WHAT NEEDS TO BE DONE
A faithful, picture-free copy of the listing below is required.

SUPPLIED INFORMATION

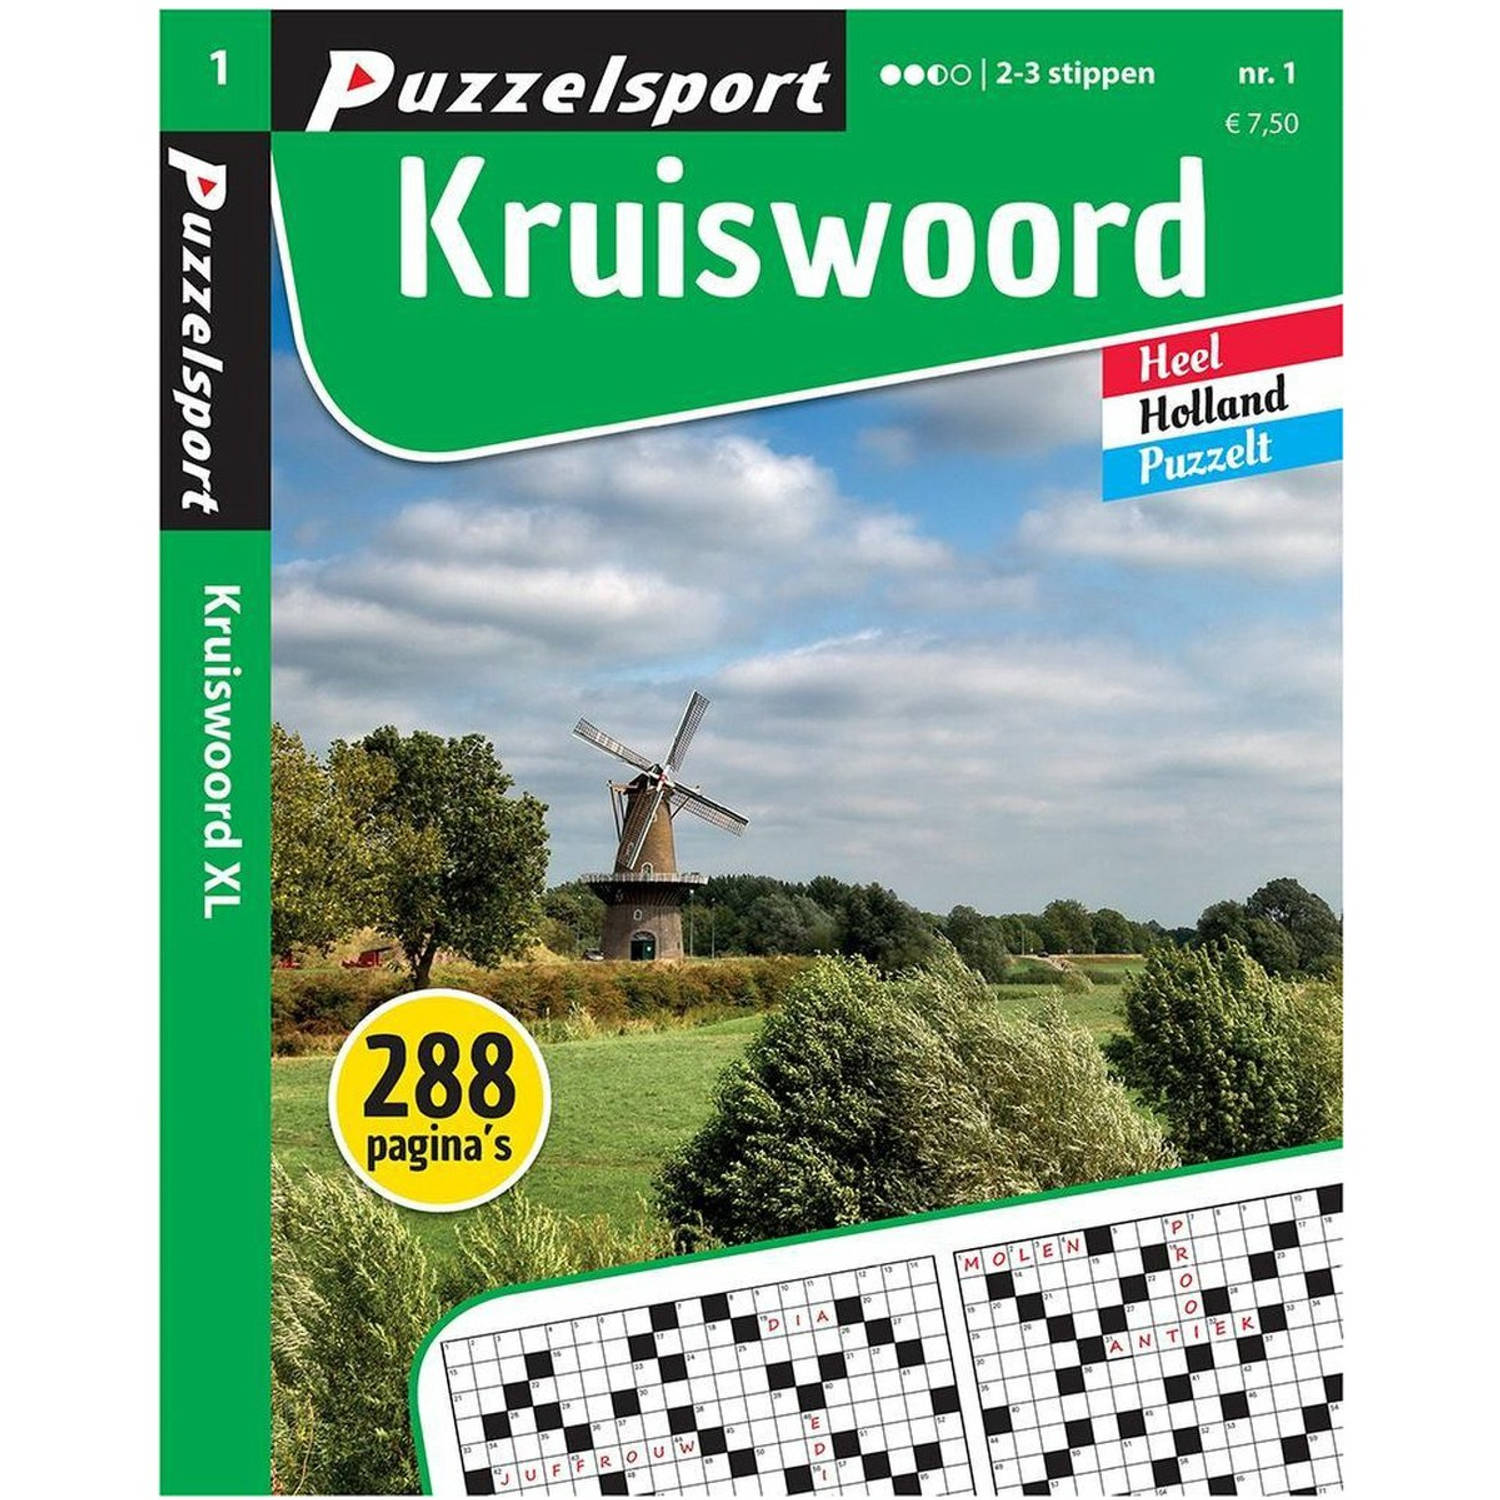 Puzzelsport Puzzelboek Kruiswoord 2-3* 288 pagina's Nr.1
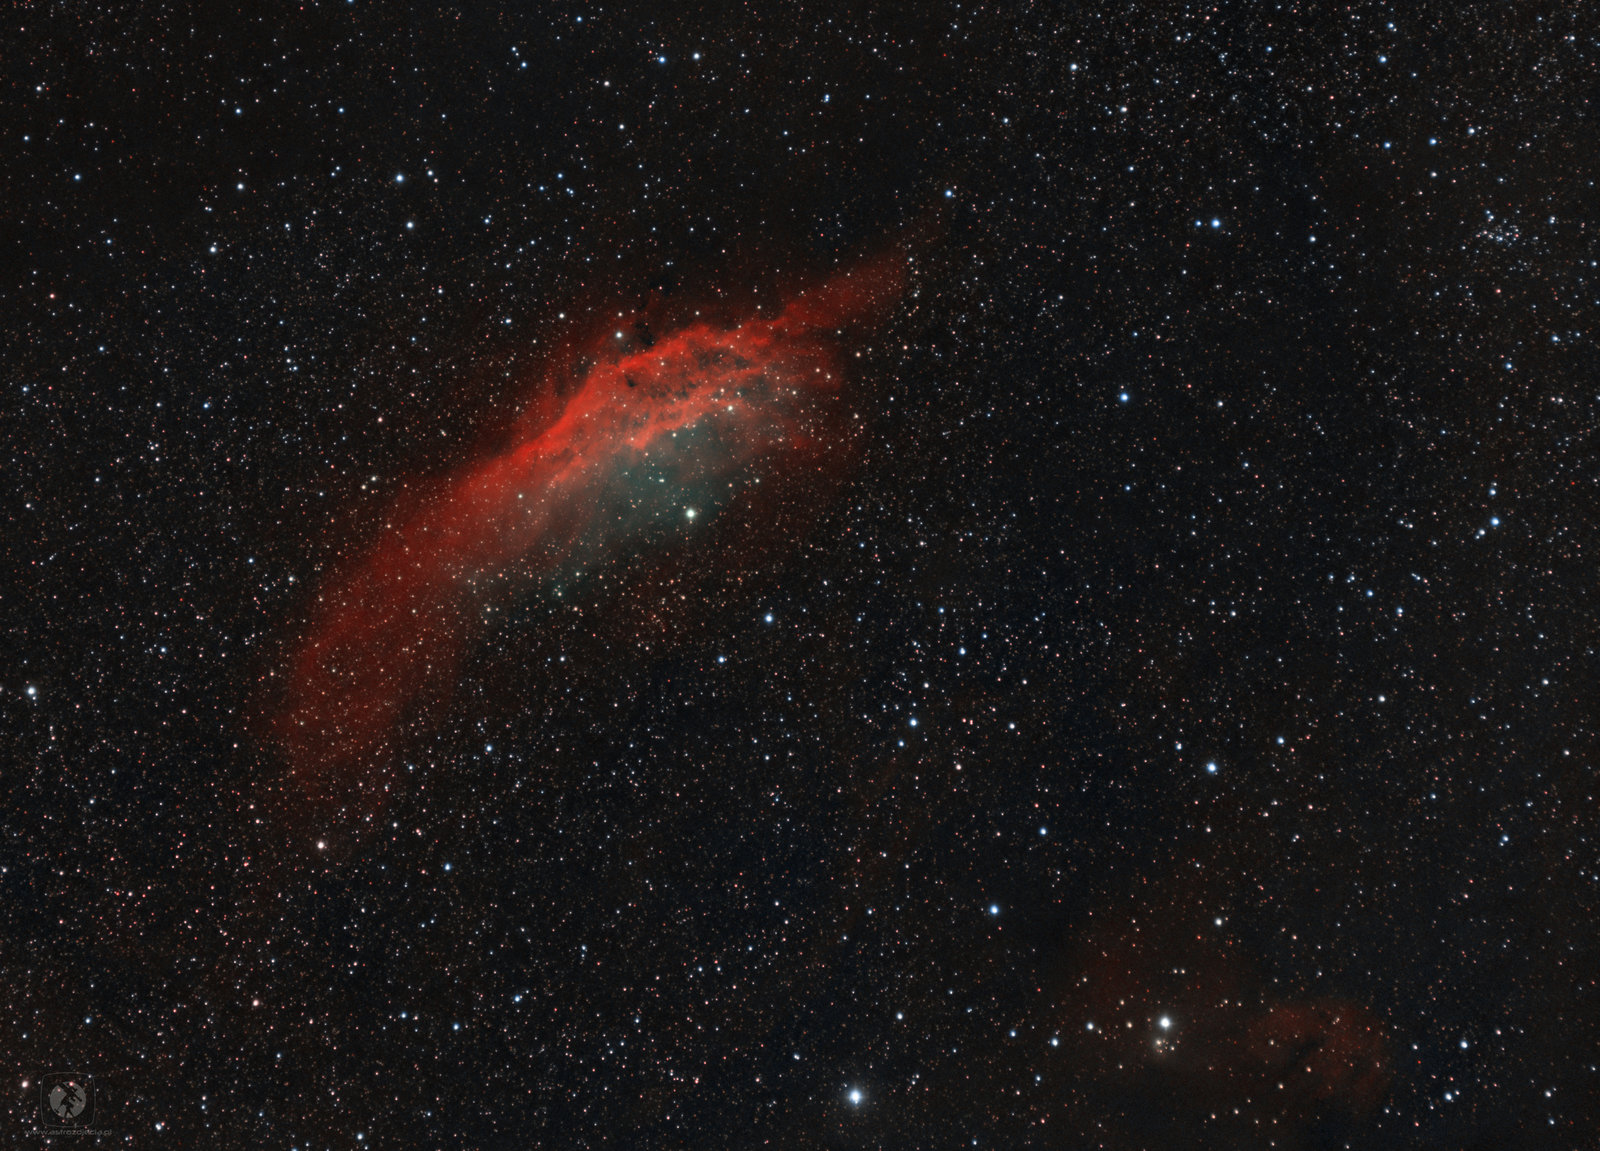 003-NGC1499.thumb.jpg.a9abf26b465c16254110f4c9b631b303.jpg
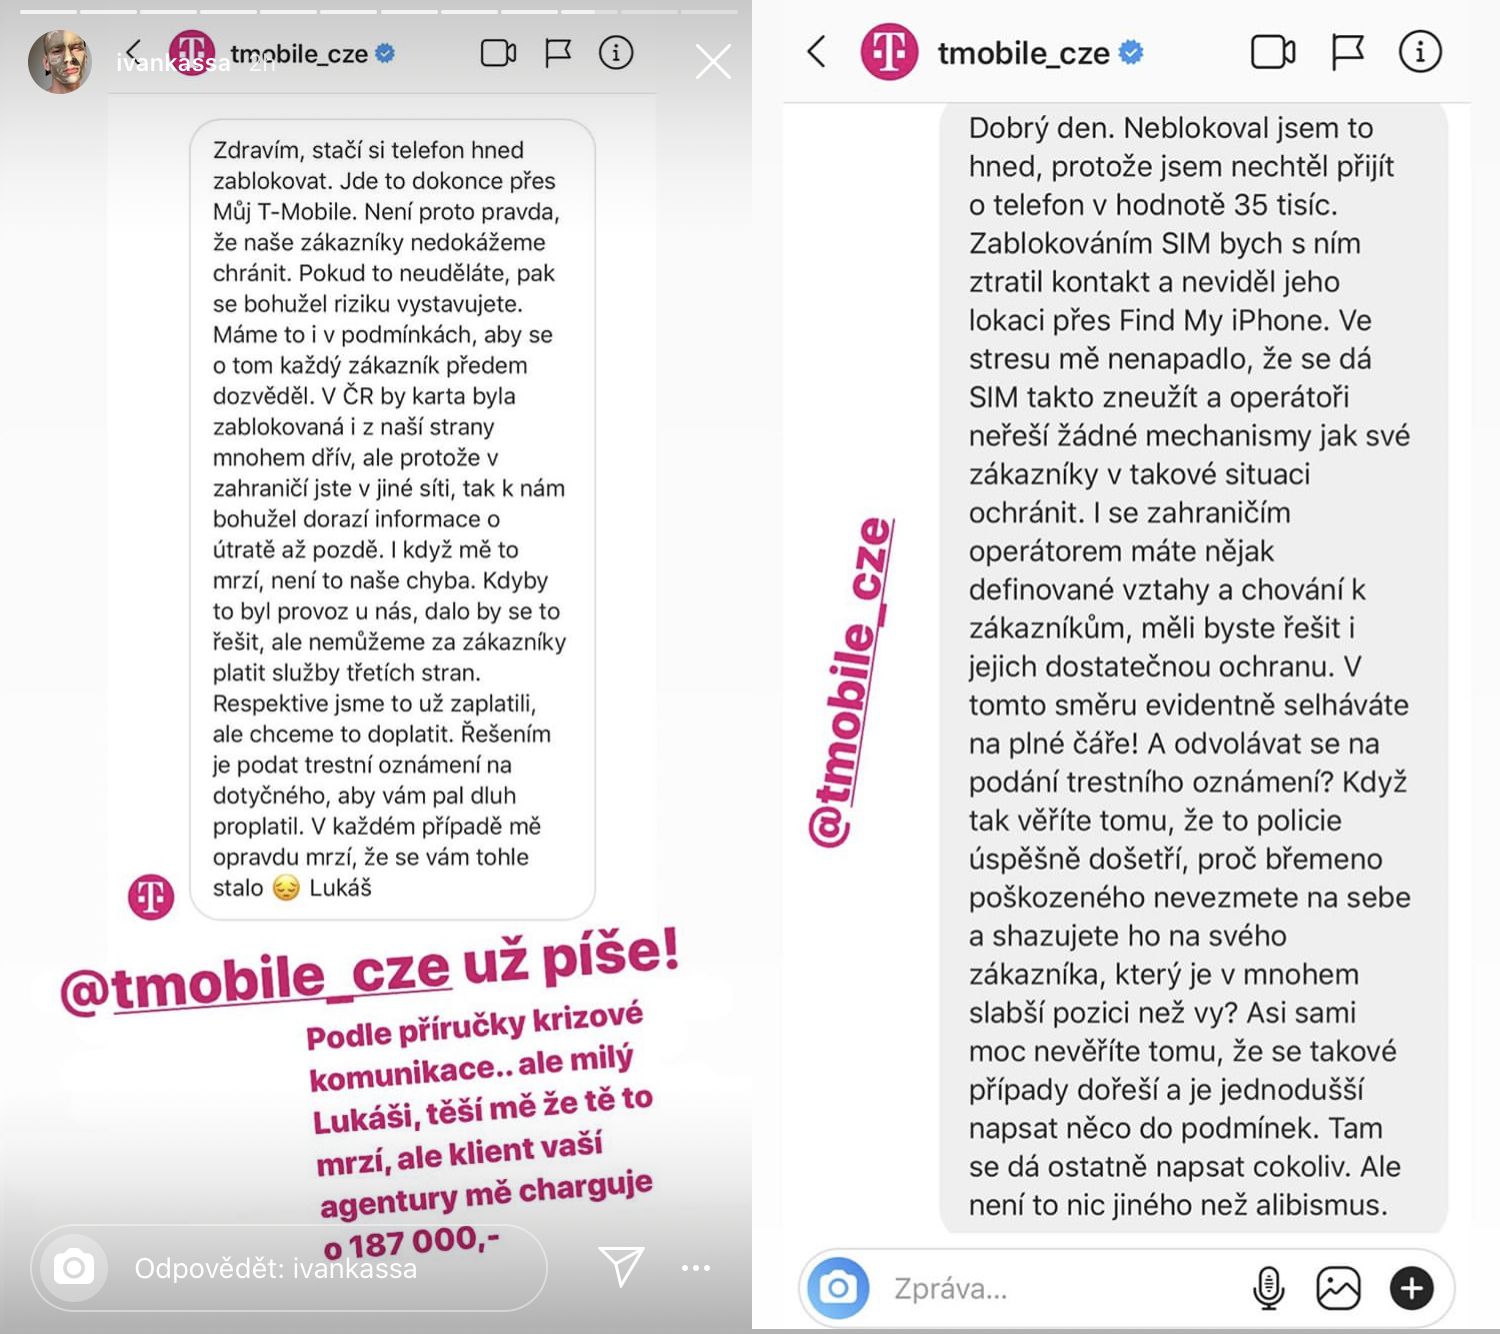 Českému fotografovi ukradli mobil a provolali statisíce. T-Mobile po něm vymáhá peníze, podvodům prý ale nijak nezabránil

ANSWER BELOW
 Puzzelsport Puzzelboek Kruiswoord 2-3* 288 pagina's Nr.1
 003-NGC1499.thumb.jpg.a9abf26b465c16254110f4c9b631b303.jpg
 Českému fotografovi ukradli mobil a provolali statisíce. T-Mobile po něm vymáhá peníze, podvodům prý ale nijak nezabránil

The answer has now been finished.